# Travel from Davao to Cotabato Risky



## fuji0001 (May 5, 2014)

If I want to travel by land from Davao to Cotobato, would that be a risky proposition or a big thumbs up? I would consider renting a car and driver to make the journey/ I understand that this may pass through less than friendly groups area of operation.


----------



## Asian Spirit (Mar 1, 2010)

fuji0001 said:


> If I want to travel by land from Davao to Cotobato, would that be a risky proposition or a big thumbs up? I would consider renting a car and driver to make the journey/ I understand that this may pass through less than friendly groups area of operation.


You're sure to get a lot of replies to you post question. The first thing I'm going to do is direct you to the *safety and travel warnings* at the
US Embassy Site in Manila. These are posted for good reason.
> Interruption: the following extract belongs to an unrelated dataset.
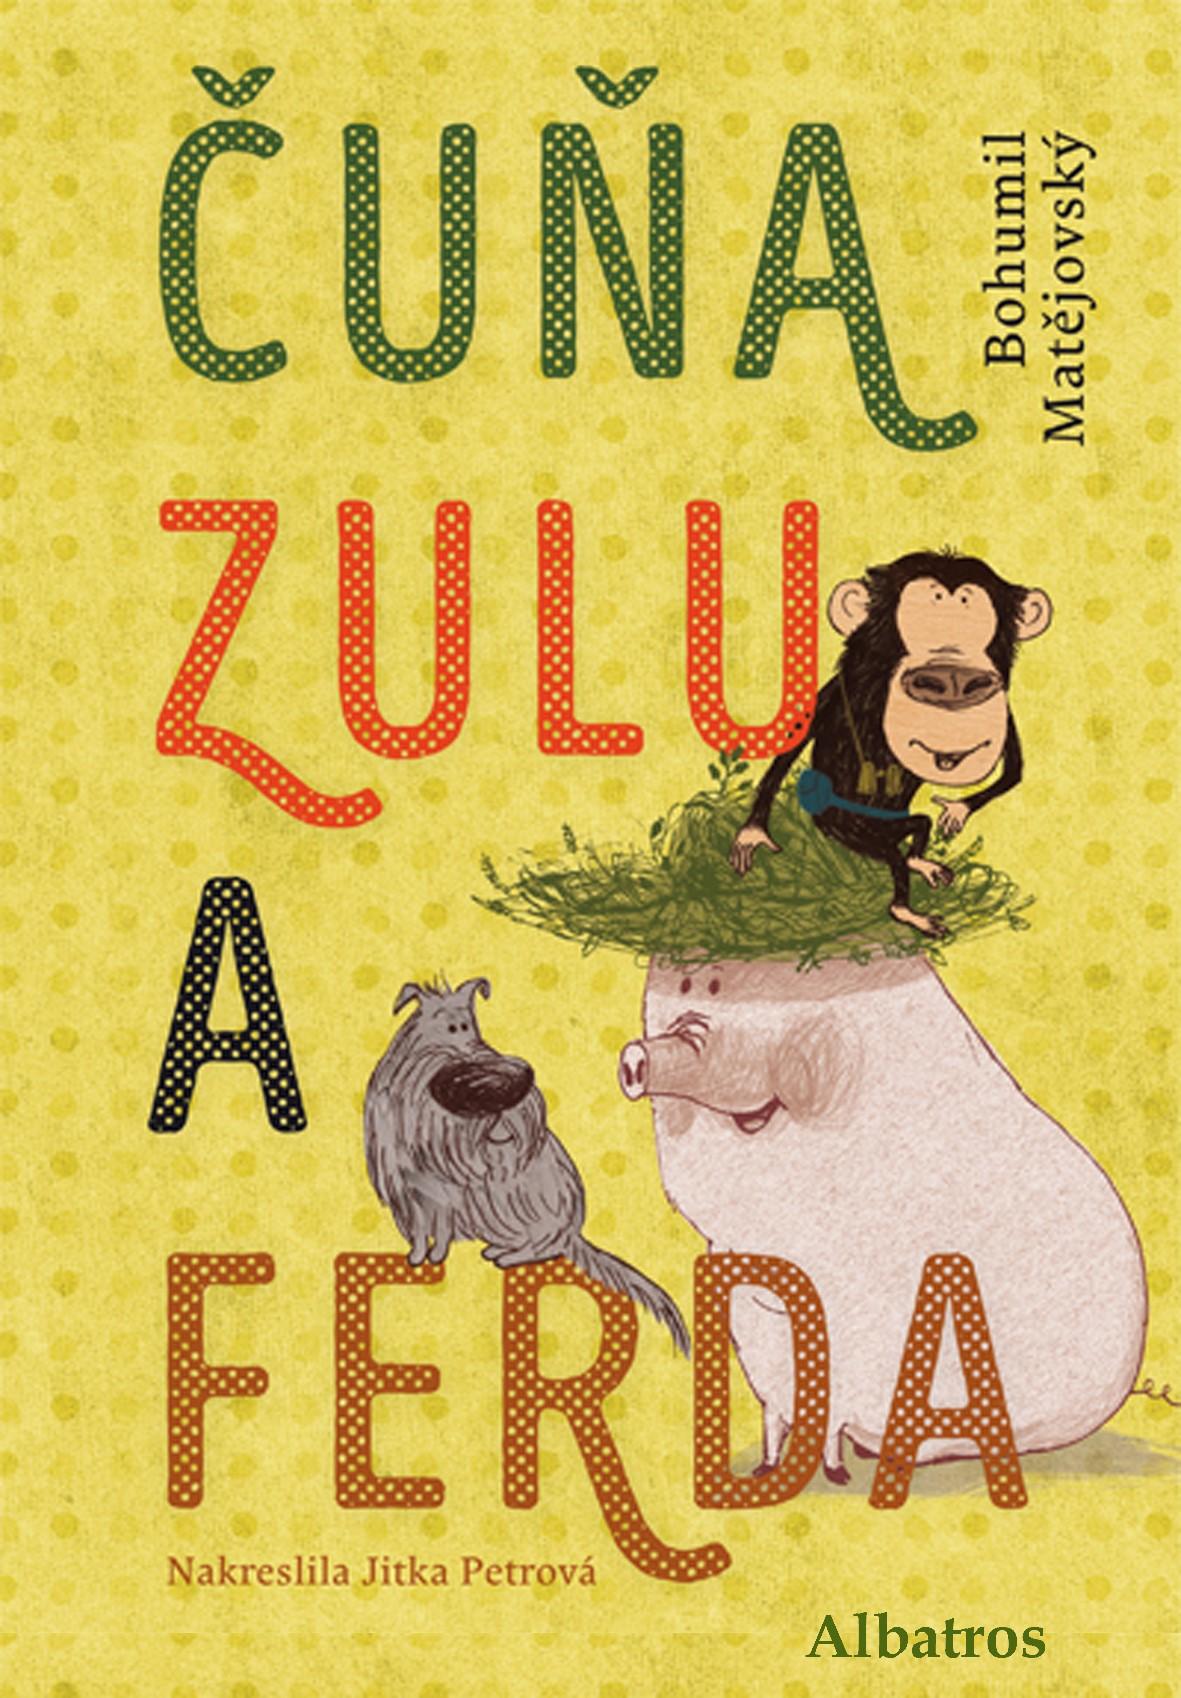 Čuňa, Zulu a Ferda | Bohumil Matějovský

Many will travel all over those areas and swear they never have a problem and that it is safe. Sky diving is safe also--until your parachute fails to open. At that point it is no longer safe and it is too late to make other choices. 

That said, we all have to make choices in life but we are not free to escape the results or consequences of those choices.
I've lived here for many years and for myself? I would not travel to those areas at any time for any reason even if if I were being paid to do so.



Regards

Jet Lag


----------



## lefties43332 (Oct 21, 2012)

cotobato is a relatively unsafe zone......why gamble?


----------



## JRB__NW (Apr 8, 2015)

If I had to drive through a risky area I sure wouldn't want someone else at the wheel. You're just a sitting duck then. Drive it yourself, have tinted windows and maximum situational awareness, and be prepared to use the vehicle as a weapon.


----------



## fmartin_gila (May 15, 2011)

There is an airport at both ends. Just food for thought

Fred


----------



## pakawala (Sep 10, 2014)

If you are that concerned, you could easily find a "legally armed" off duty or retired PNP who would otherwise be standing by to do the trip with you. Offer a small fee & give him bus money for the return trip.


----------